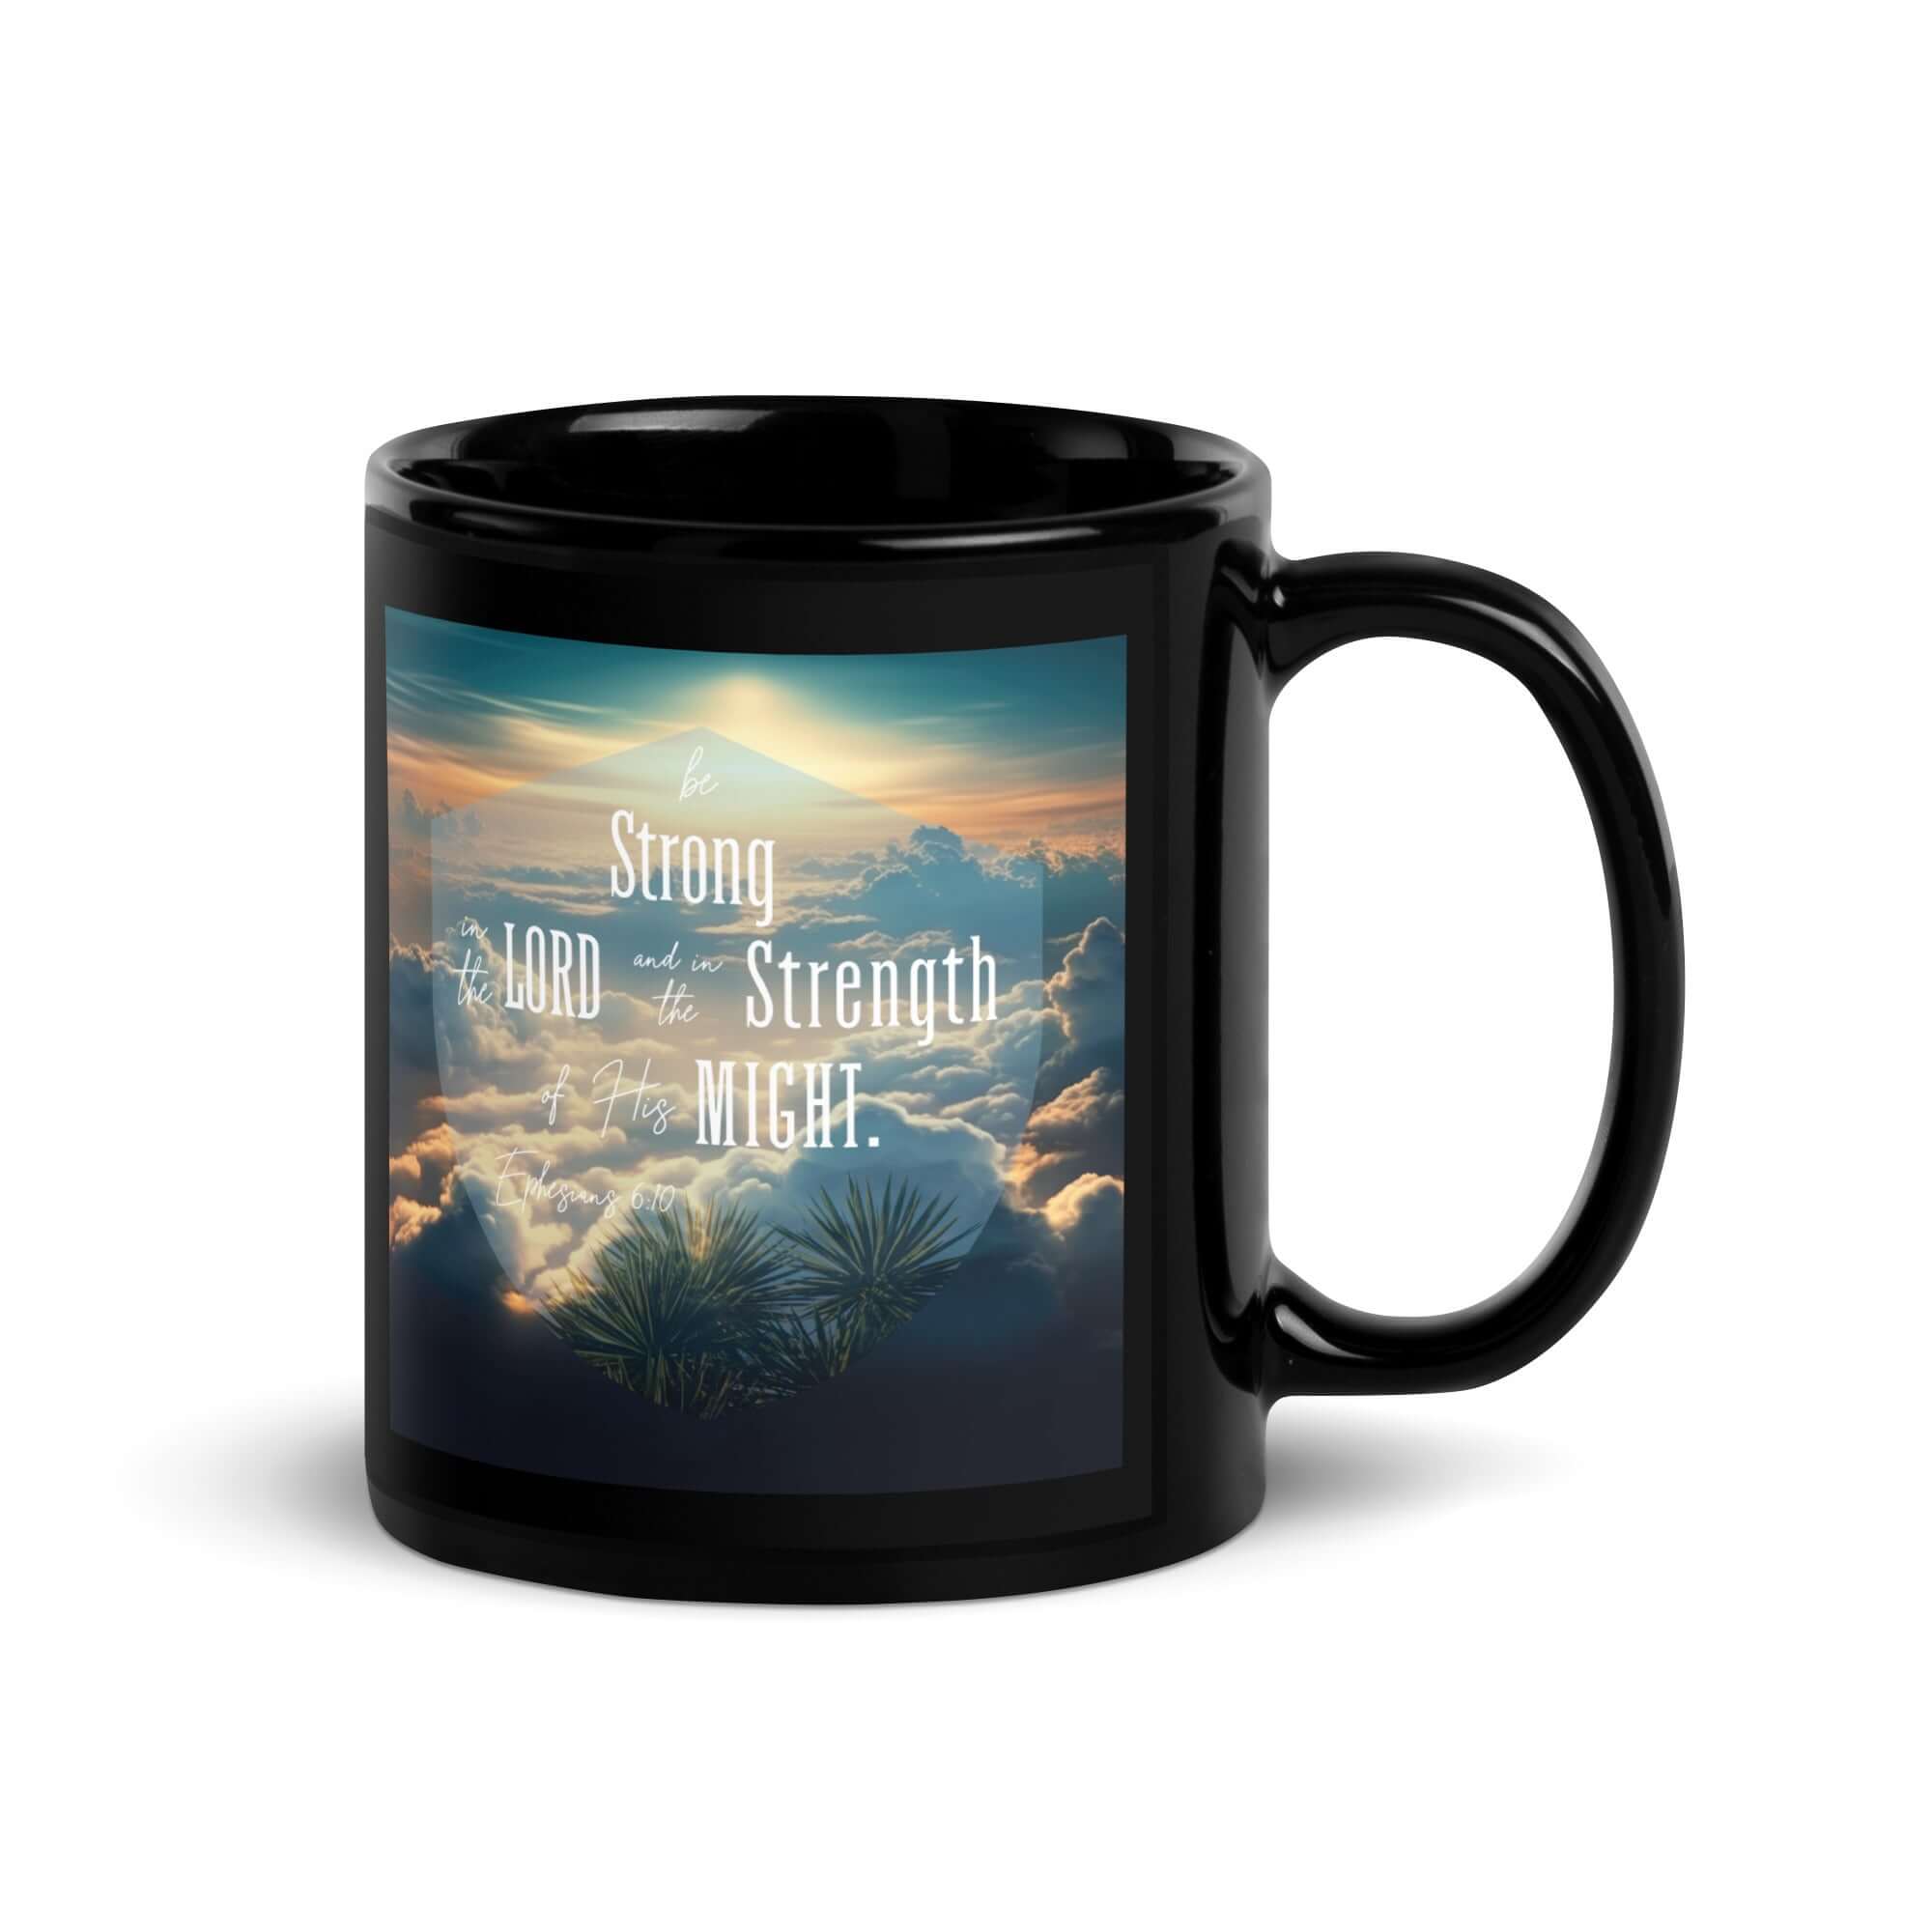 Eph. 6:10 - be strong in the Lord Black Mug
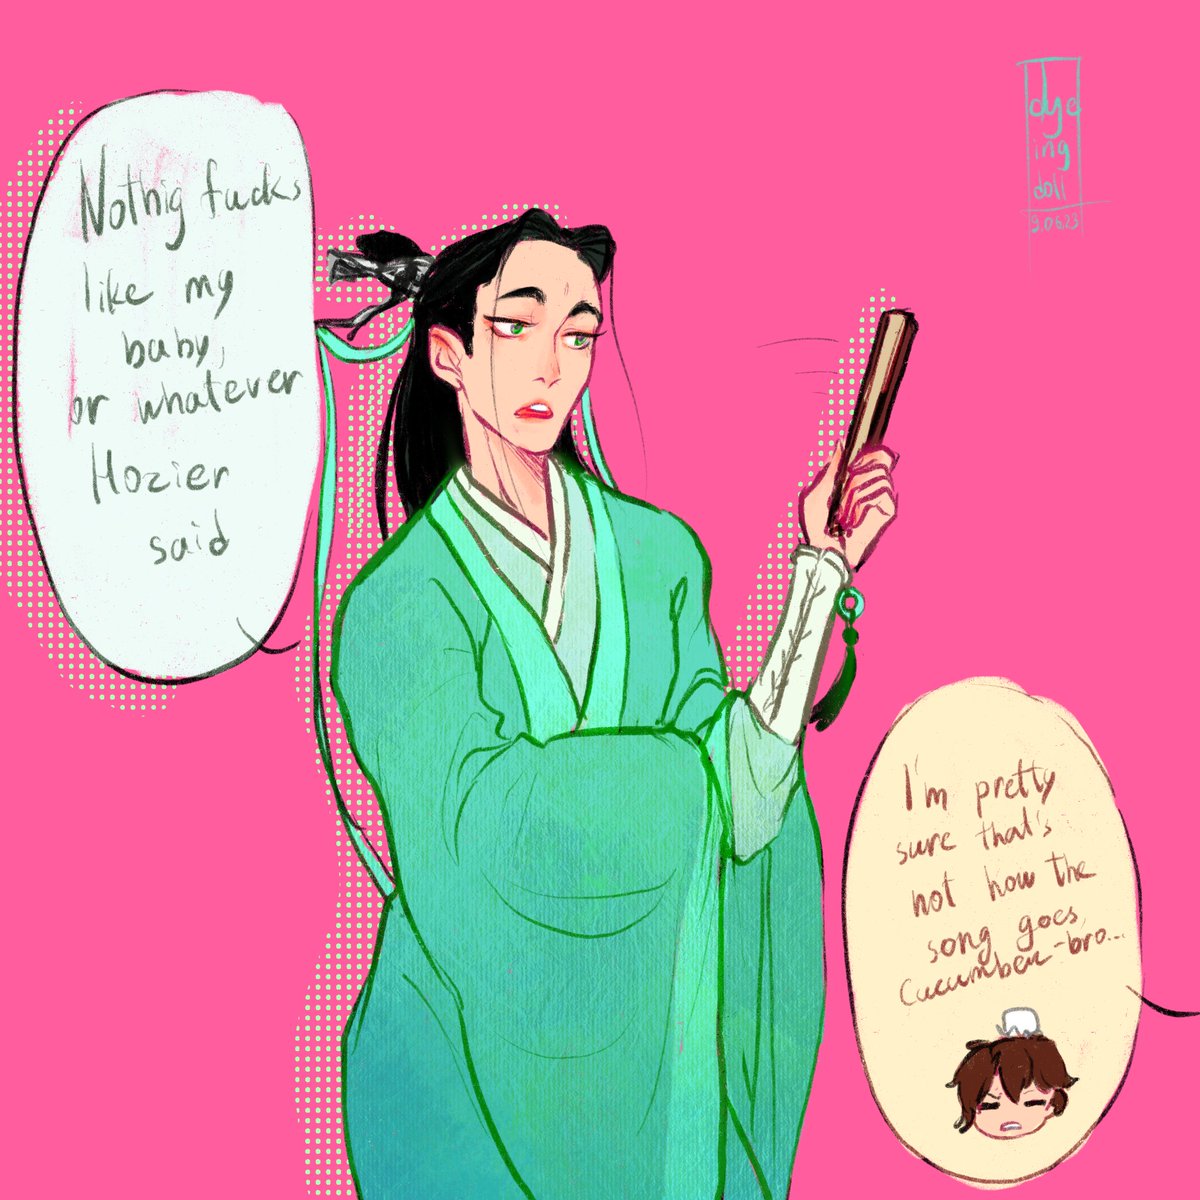 They were talking about songs, probably? Idk, it just all went downhill at some point... 
#ScumVillainsSelfSavingSystem
______________________________
What is needed here is an exact repetition of the listing above, pictures excluded.

# Output for this task
 Eph. 6:10 - be strong in the Lord Black Mug
 They were talking about songs, probably? Idk, it just all went downhill at some point... 
#ScumVillainsSelfSavingSystem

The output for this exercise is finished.